We present new evidence on the association between ethnicity and stroke care access and post-stroke outcomes from a prospective nationwide study of all admitted patients with stroke covering the entire stroke care continuum up to 12 months. We found worse functional outcomes for non-Europeans at three, six and 12 months following stroke. Specifically, Māori and Pacific peoples experienced poorer outcomes at three and 12 months and Māori were more likely to have died by 12 months.

The majority of explored interventions were accessed equally across all ethnicities providing reassurance that high quality and equal access across ethnicities is achievable and already in place for many aspects of stroke care in New Zealand. Reperfusion therapy access for those who were eligible was similar across ethnic groups, something we showed previously.¹⁴ This contrasts with other international studies that have found ethnic disparities in reperfusion therapy access,¹⁵^,¹⁶ and which have proposed that poor awareness and long presentation delays could account for this observation.¹⁶^,¹⁷ In this study, there was no difference in the proportion of non-Europeans compared with Europeans that presented to hospital within four hours of symptom onset. This may in part be attributable to New Zealand's public awareness FAST (“Face, Arm, Speech, Time”) campaigns, which have focussed on high-risk populations.¹⁸ Similarly, rehabilitation was generally accessed equally across ethnic groups, consistent with recent international work.¹⁹ It is encouraging to see that non-Europeans may be prioritised for more frequent post-discharge community team contacts.

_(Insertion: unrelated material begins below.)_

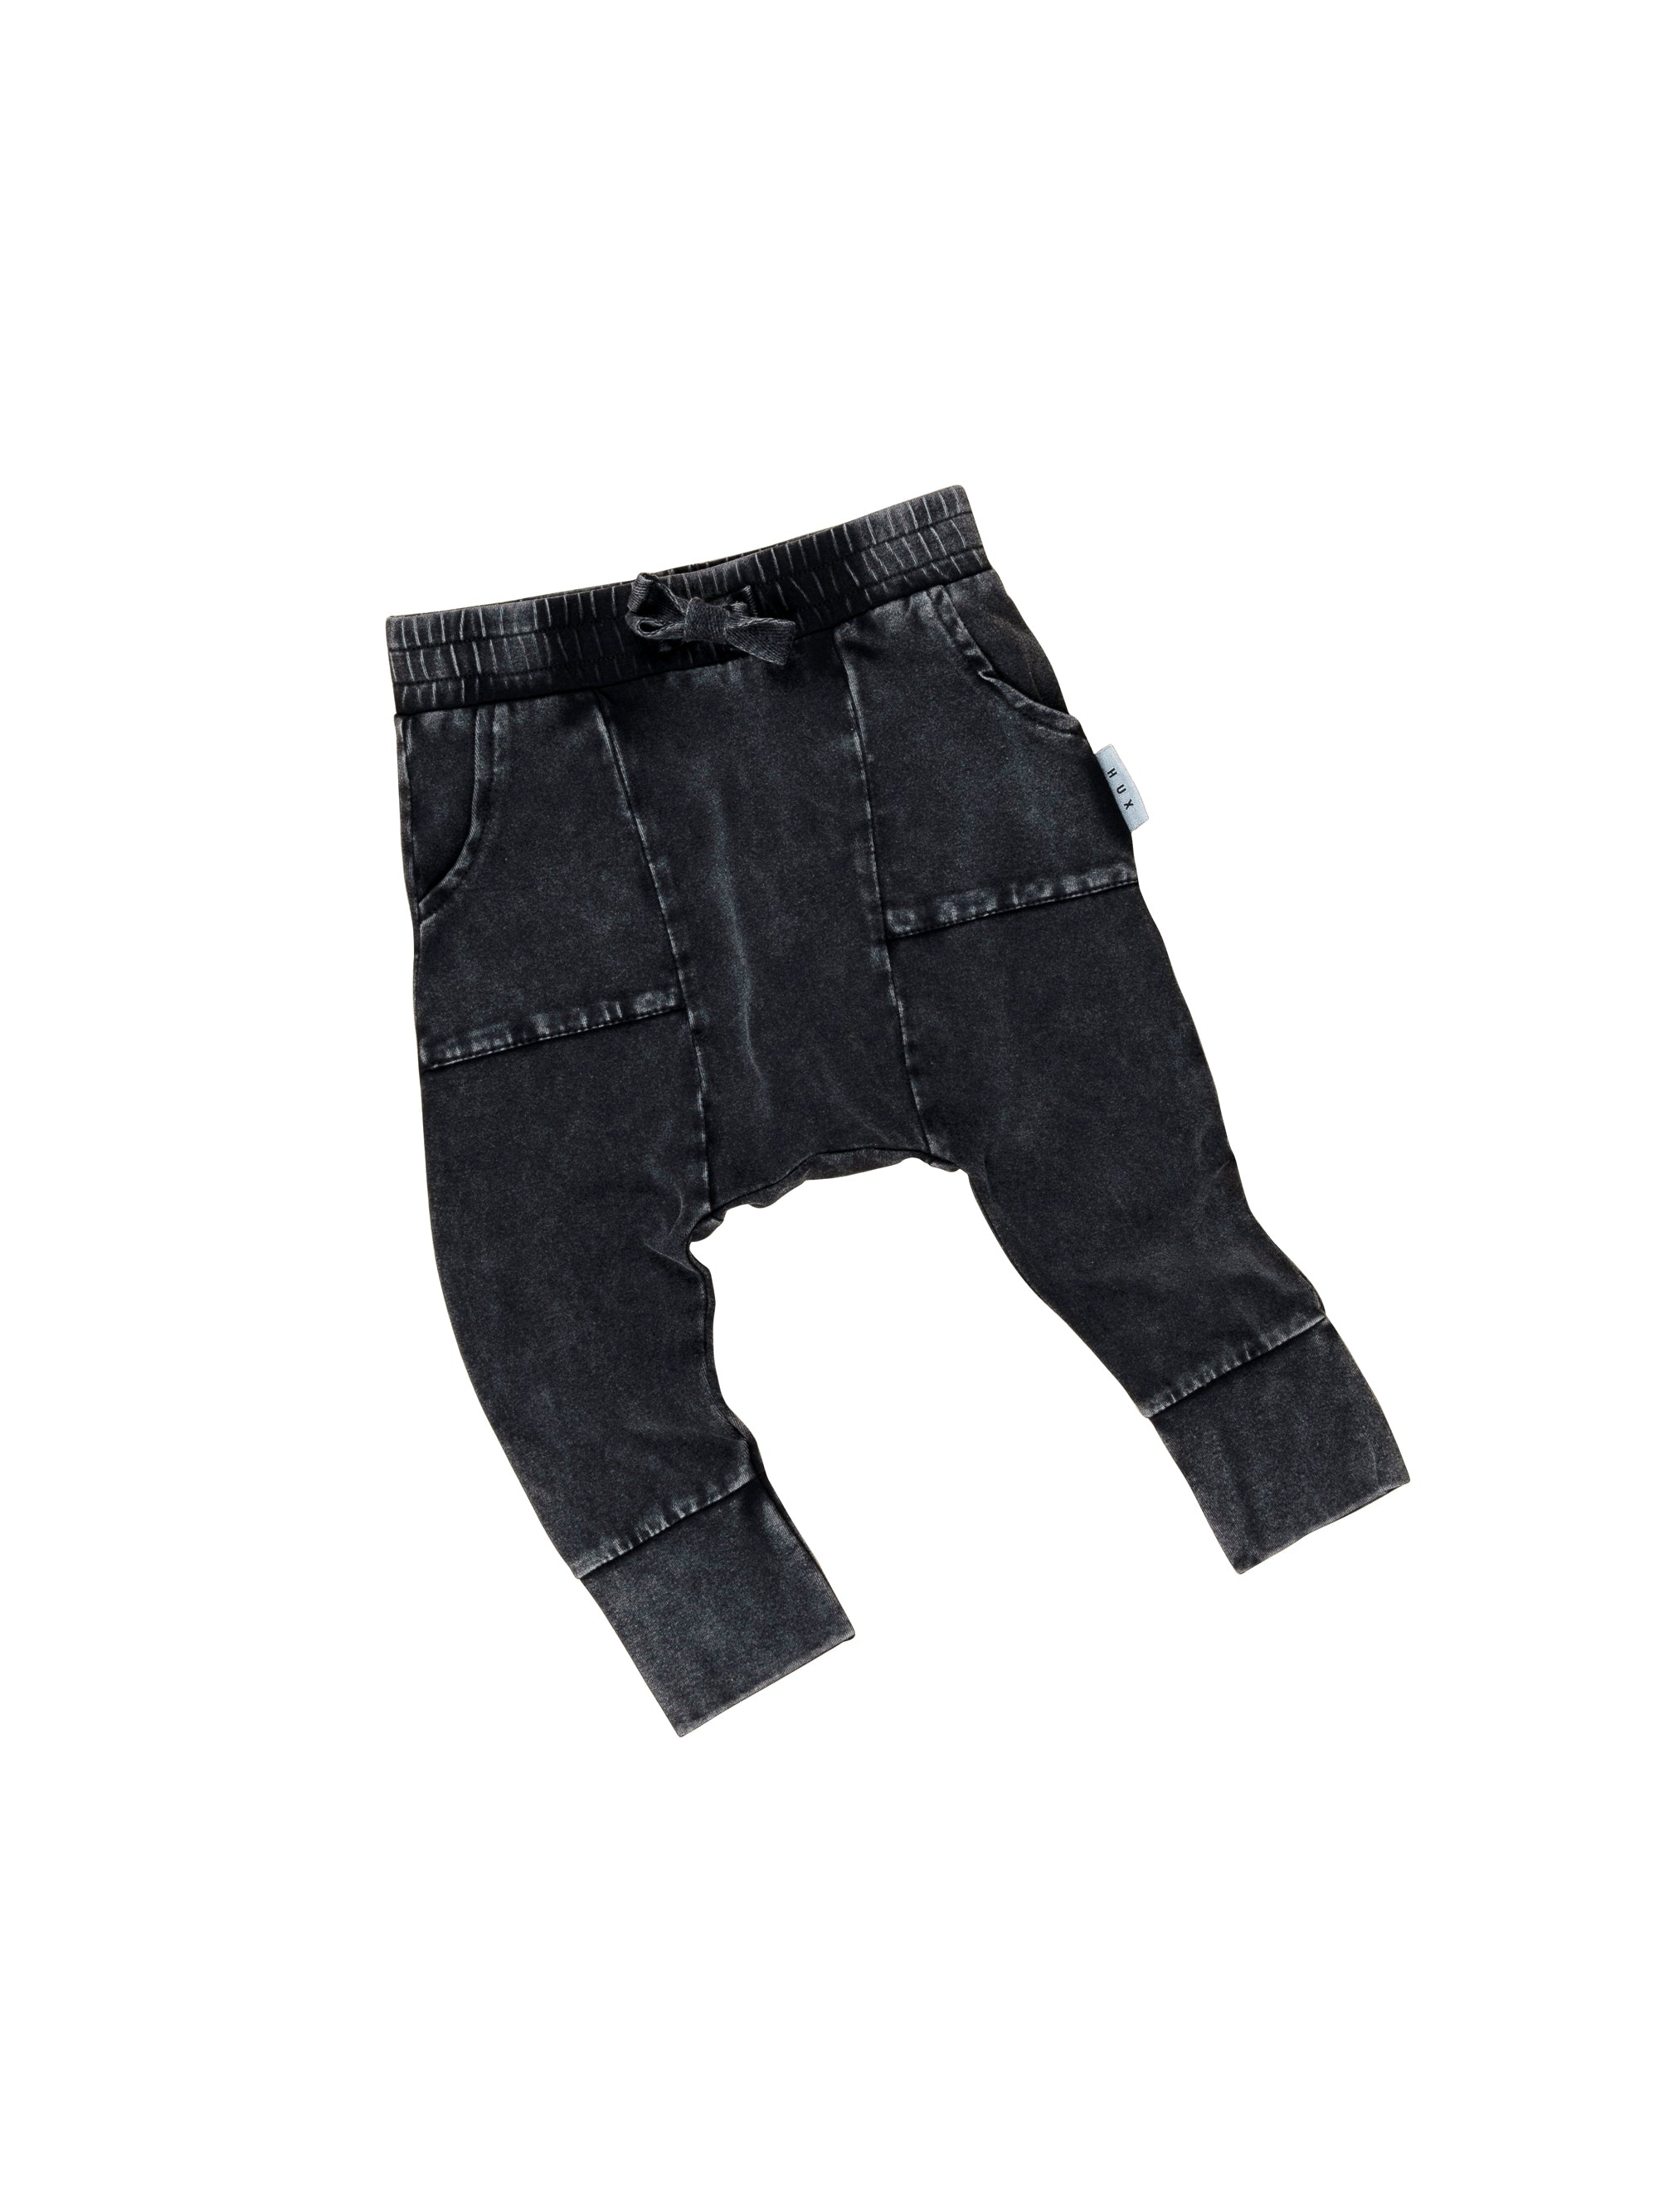 Huxbaby Vintage Jersey Pocket  Drop Crotch Pant - Vintage Black

However, several post-stroke interventions were not equally accessed by the different ethnic groups. Non-Europeans had poorer access to ASU care and worse access to early swallow assessments and a strong trend toward a lower rate of early mobilisation. Also, the trend toward a lower likelihood of accessing at least one hour of physical therapy in non-Europeans in inpatient rehabilitation deserves further exploration. We have previously shown that patients presenting to urban hospitals generally experience better access to key stroke²⁰ interventions. While the analyses were adjusted for rurality and hospital in a multi-level mixed effects model it is possible that a degree of residual confounding could explain some of the disparities especially between minority ethnic groups²⁰ as Pacific peoples and Asians tend to live in urban centres while Māori more commonly reside rurally. For example, the trend toward poorer DVT prophylaxis in Māori and greater access to telemetry in Asians may in part be attributable to these geographic factors. The overall greater access to CT by non-Europeans almost certainly relates to age, as the only reason patients with stroke do not undergo CT scanning is early palliation for severe stroke in frail people of older age, who are predominantly European. However, it is difficult to reconcile the overall lower access to MRI scans by all minority populations. A possible explanation is that these groups who, on average, presented with more severe and thus likely clearer definite clinical or CT evidence of stroke, potentially did not require MRI imaging in the context of relatively low rate of MRI scanning in New Zealand. However, other ethnicity-based factors around disparate MRI access cannot be excluded and should undergo further investigation. Thus, we have identified several areas within acute and rehabilitation stroke care that should be further explored to enhance equity of access to best practice stroke care for non-Europeans and represent additional priority improvement areas to help drive equality in patient outcomes across all ethnic groups.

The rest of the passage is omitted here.